WORK REQUEST: Starting at the line with "Gigabyte GN-WPKG user" and ending at the line with "Sistem Pendukung Keputusan", print exactly the lines of the entries below. Pictures do not belong in the copy.

MATERIAL SHOWN:
--
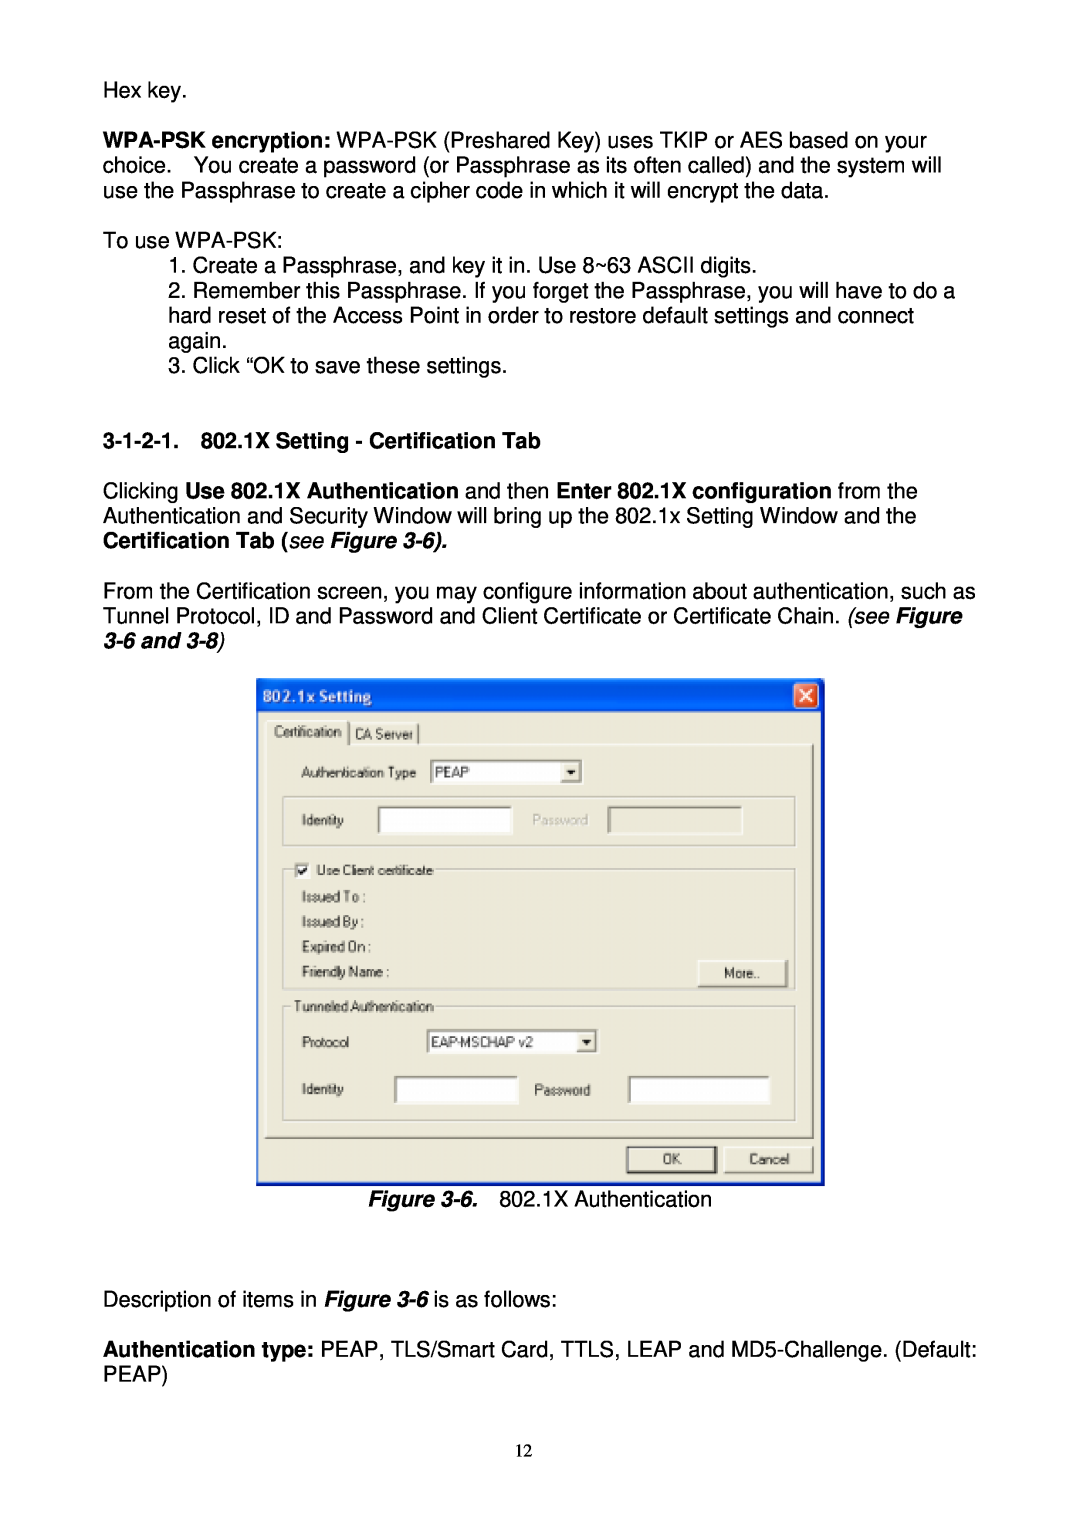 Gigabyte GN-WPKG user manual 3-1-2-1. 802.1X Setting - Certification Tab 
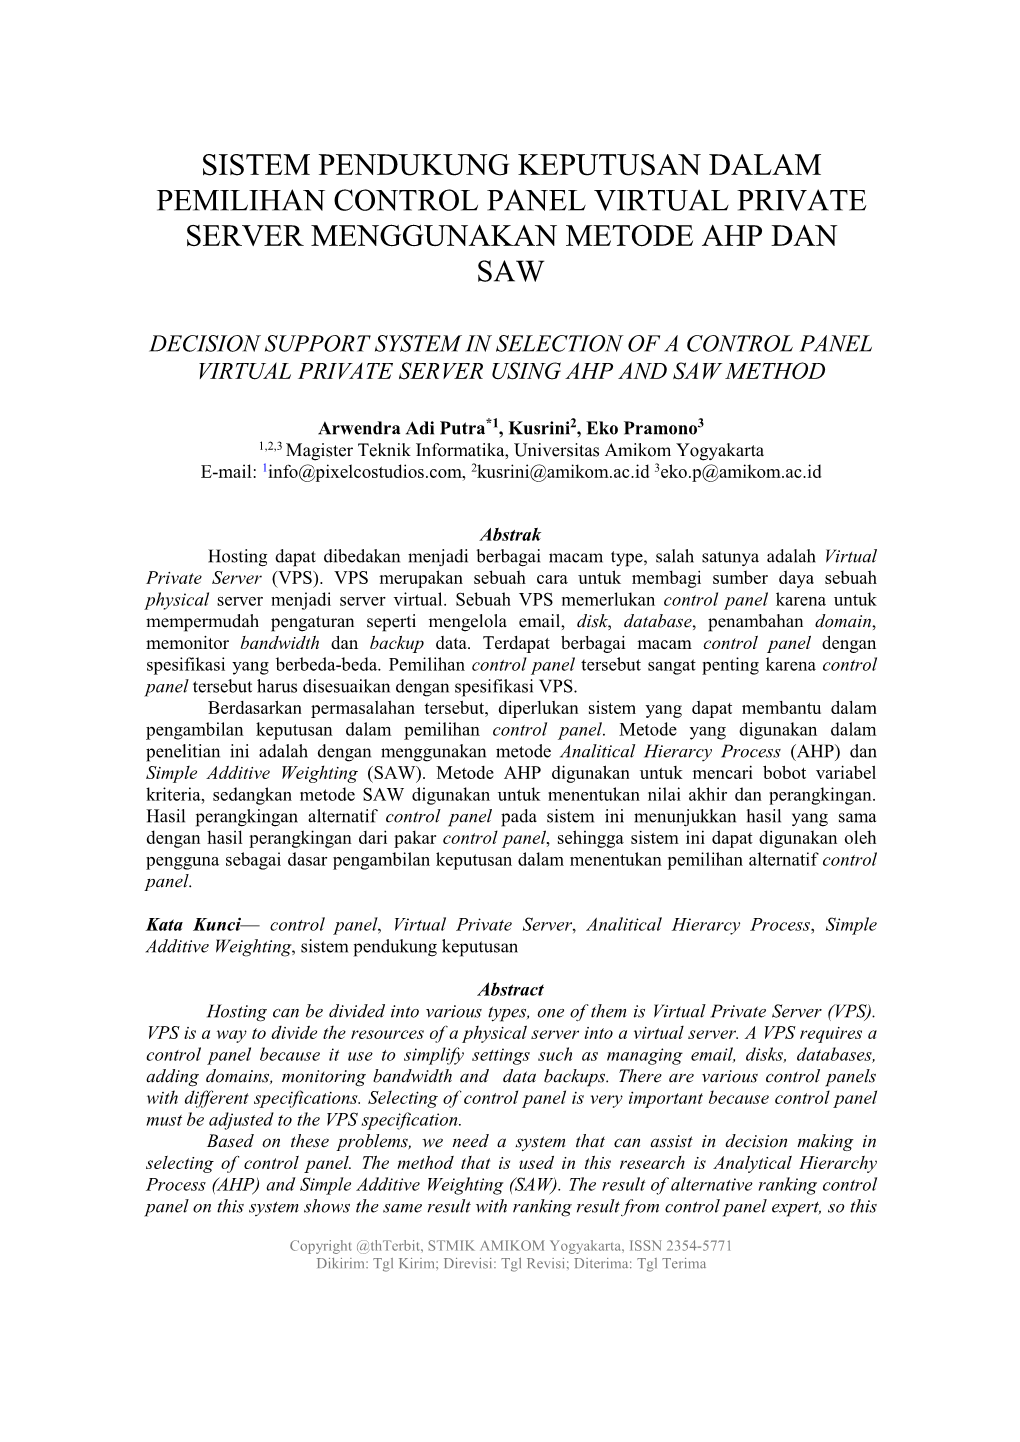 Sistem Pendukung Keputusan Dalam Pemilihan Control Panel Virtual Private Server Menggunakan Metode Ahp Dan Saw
--
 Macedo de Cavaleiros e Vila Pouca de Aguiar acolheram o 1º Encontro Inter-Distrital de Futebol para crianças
--
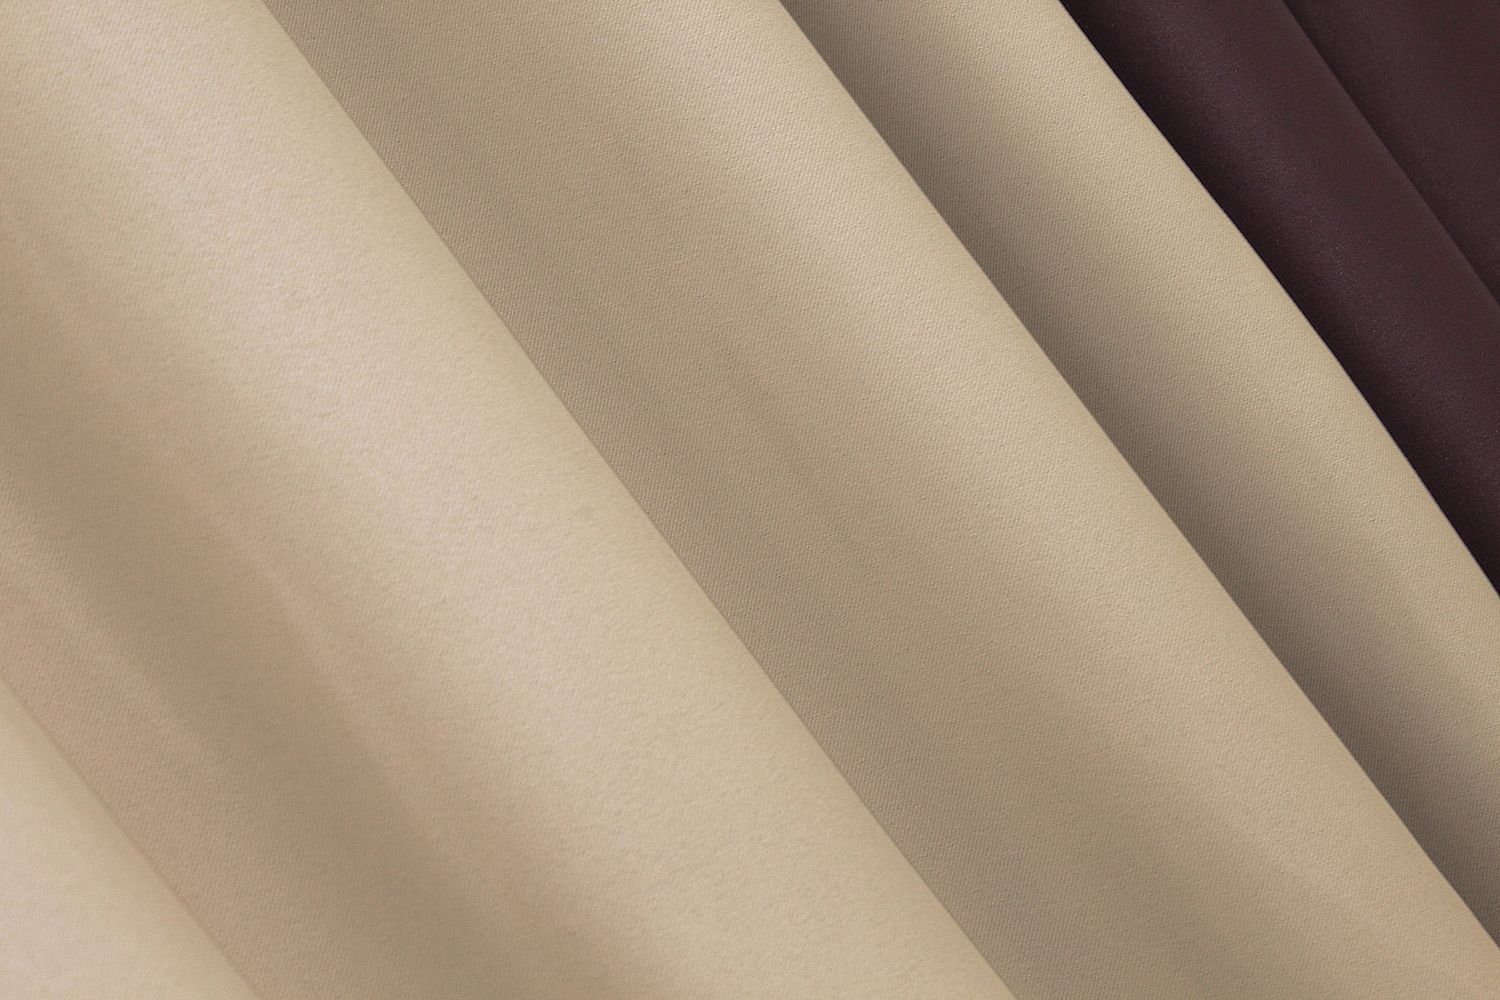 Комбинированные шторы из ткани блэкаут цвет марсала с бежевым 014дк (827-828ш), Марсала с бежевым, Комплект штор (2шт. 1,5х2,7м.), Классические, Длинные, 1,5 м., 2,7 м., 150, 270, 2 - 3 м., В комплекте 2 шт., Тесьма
--
SOLUTION TO THE EXERCISE:
 Gigabyte GN-WPKG user manual 3-1-2-1. 802.1X Setting - Certification Tab 
 Sistem Pendukung Keputusan Dalam Pemilihan Control Panel Virtual Private Server Menggunakan Metode Ahp Dan Saw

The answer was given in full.